== Source material ==
---*---
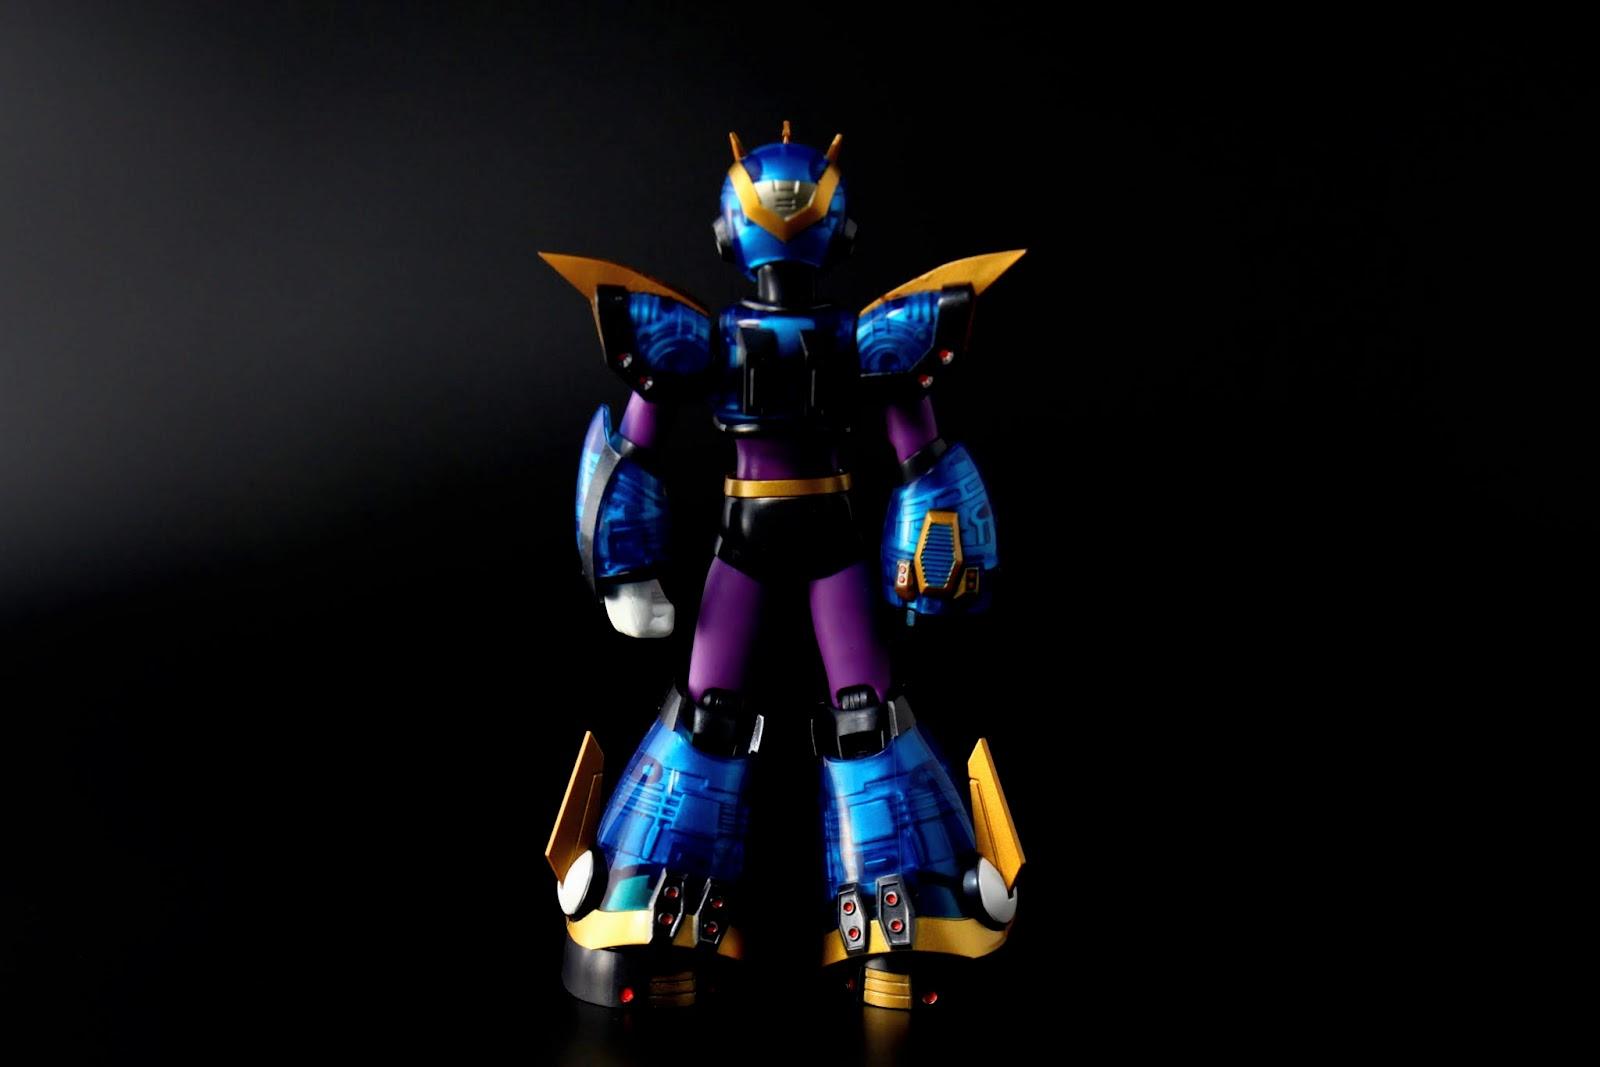 身體是紫色的設定來自於初登場的X4代
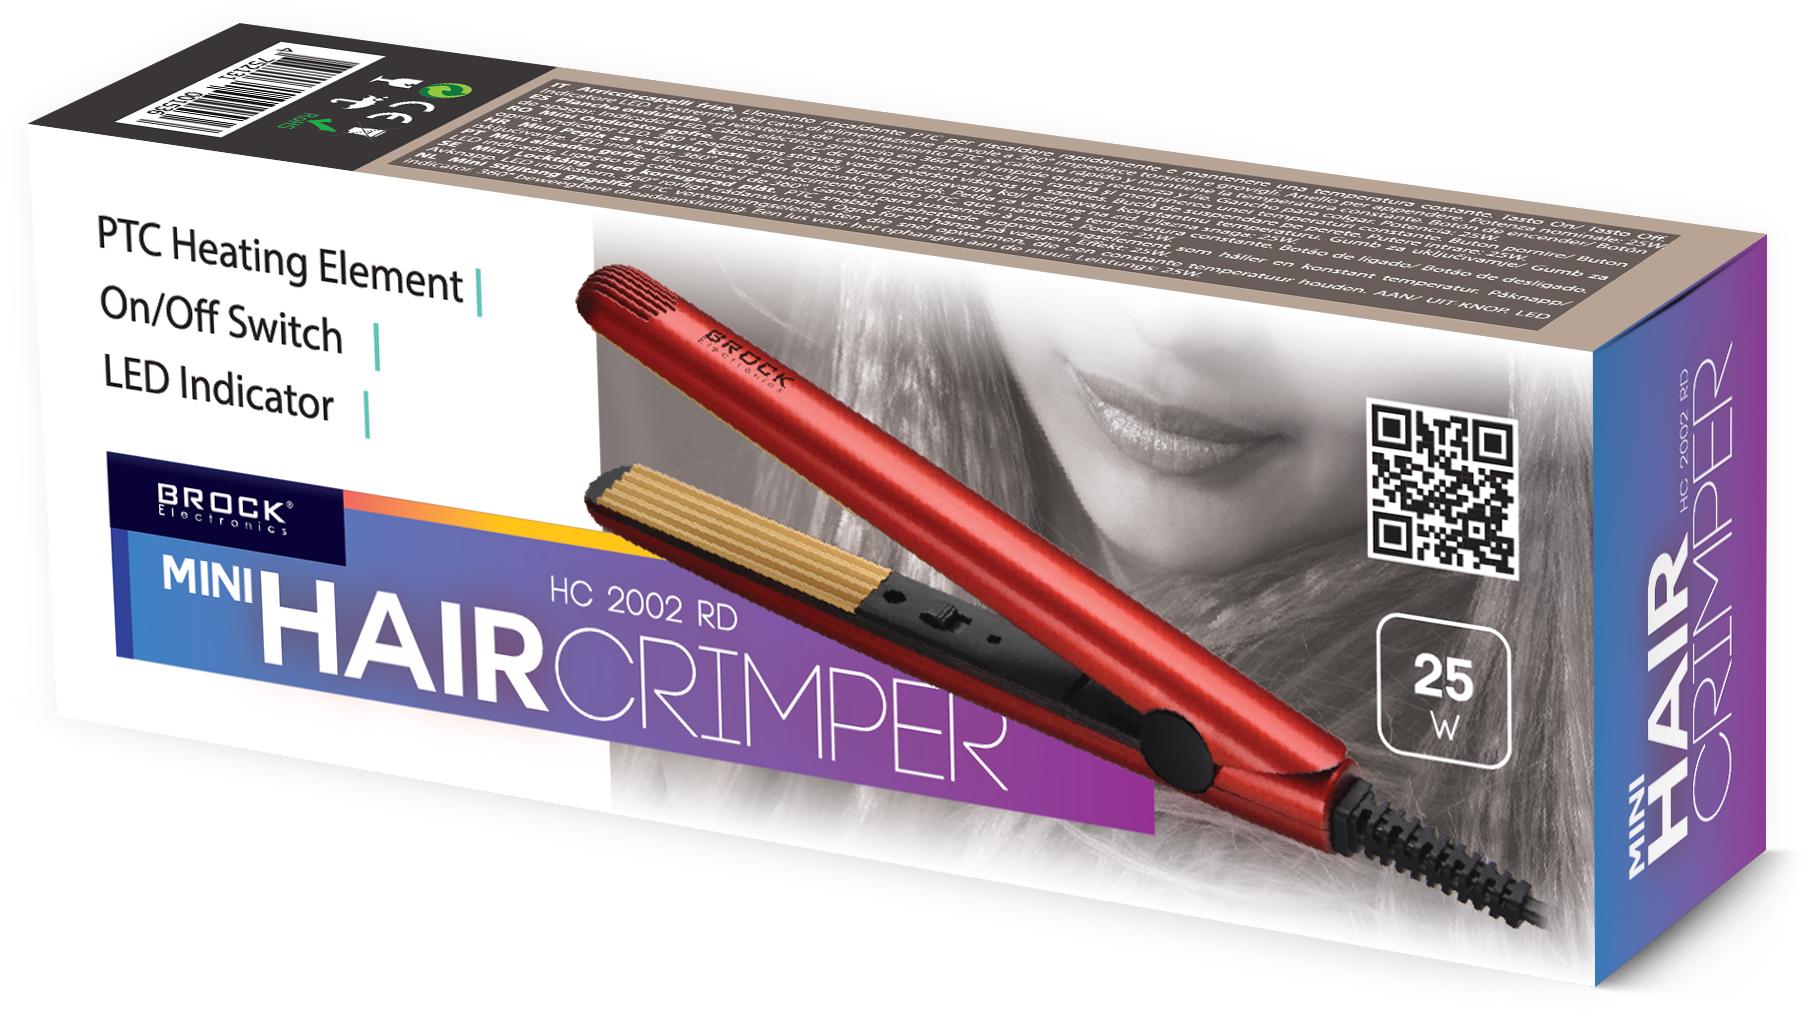 BROCK Mini matu gofrētājs, 25W HC 2002 RD Matu veidotājs
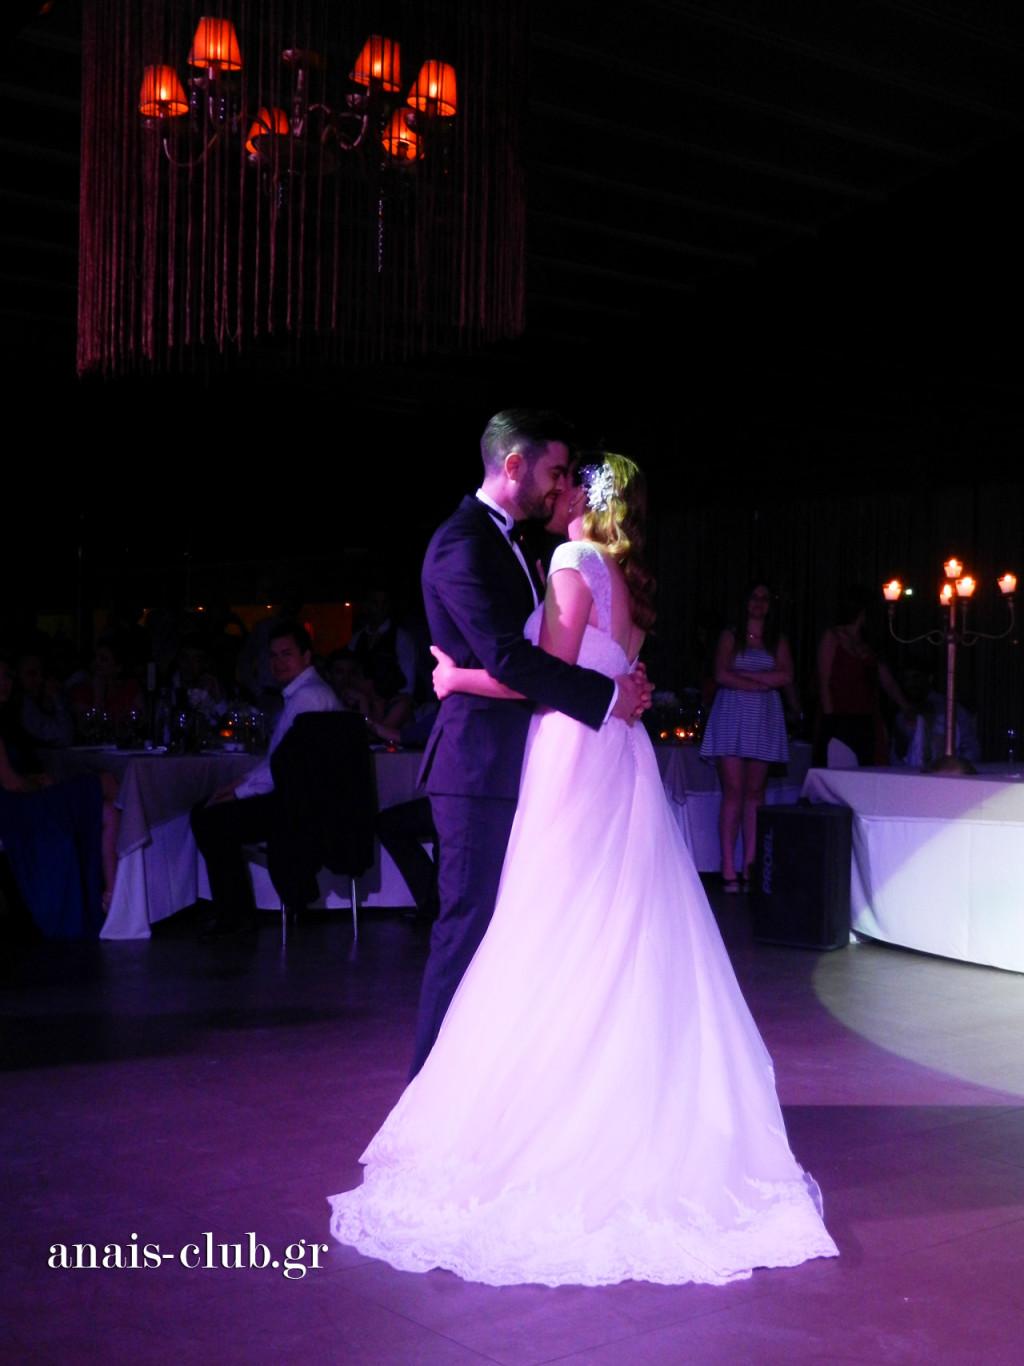 Ο πρώτος χορός του ζευγαριού έχει μεγάλη σημασία και ιδιαίτερο νόημα για κάθε ζευγάρι
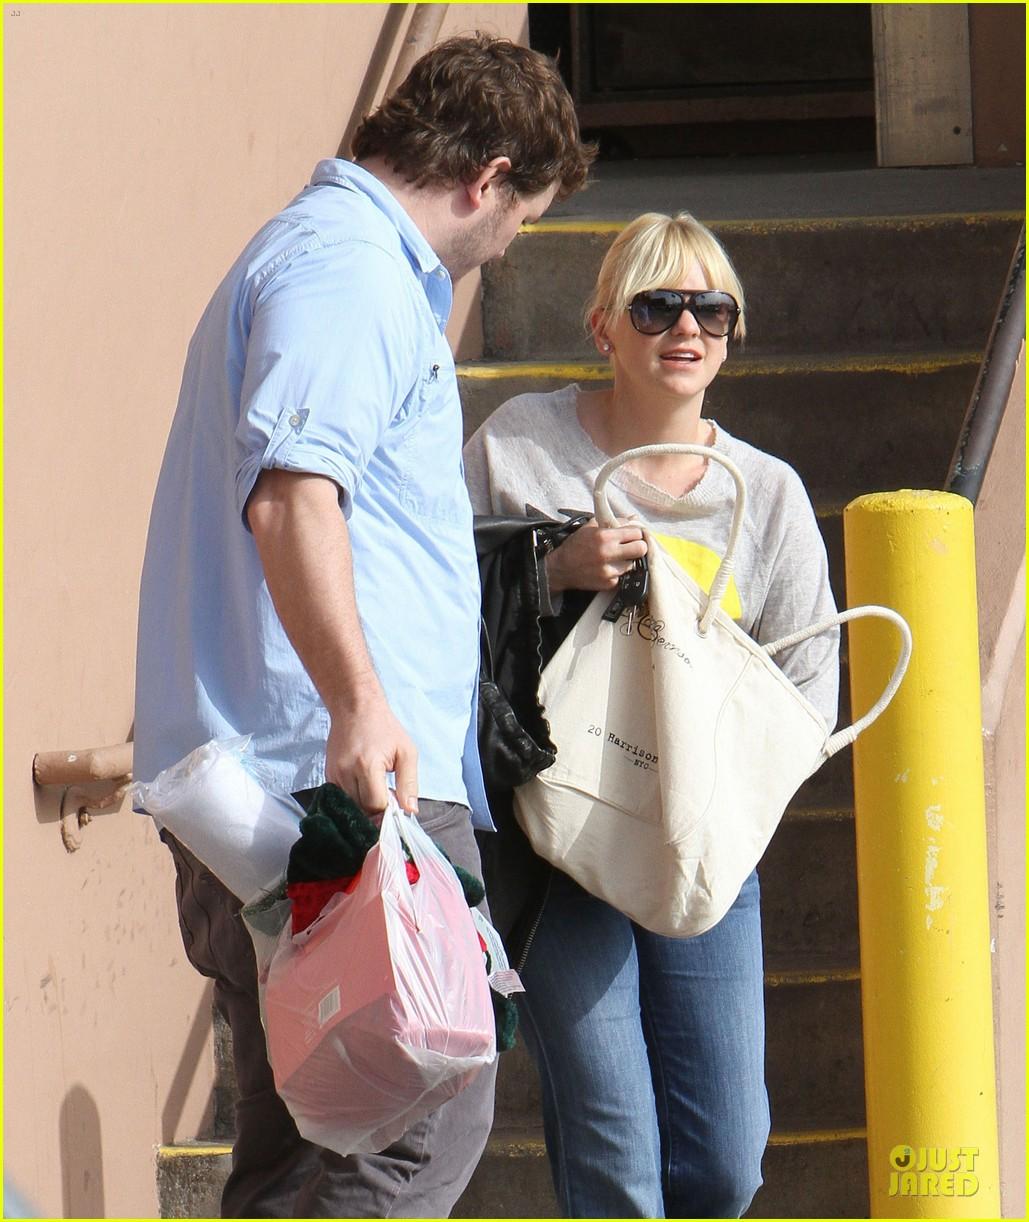 anna faris & chris pratt rite aide shopping couple 092772701
---*---
== Exercise ==
In your answer, set down the full listing word for word and include no pictures.

== Your response ==
 身體是紫色的設定來自於初登場的X4代
 BROCK Mini matu gofrētājs, 25W HC 2002 RD Matu veidotājs
 Ο πρώτος χορός του ζευγαριού έχει μεγάλη σημασία και ιδιαίτερο νόημα για κάθε ζευγάρι
 anna faris & chris pratt rite aide shopping couple 092772701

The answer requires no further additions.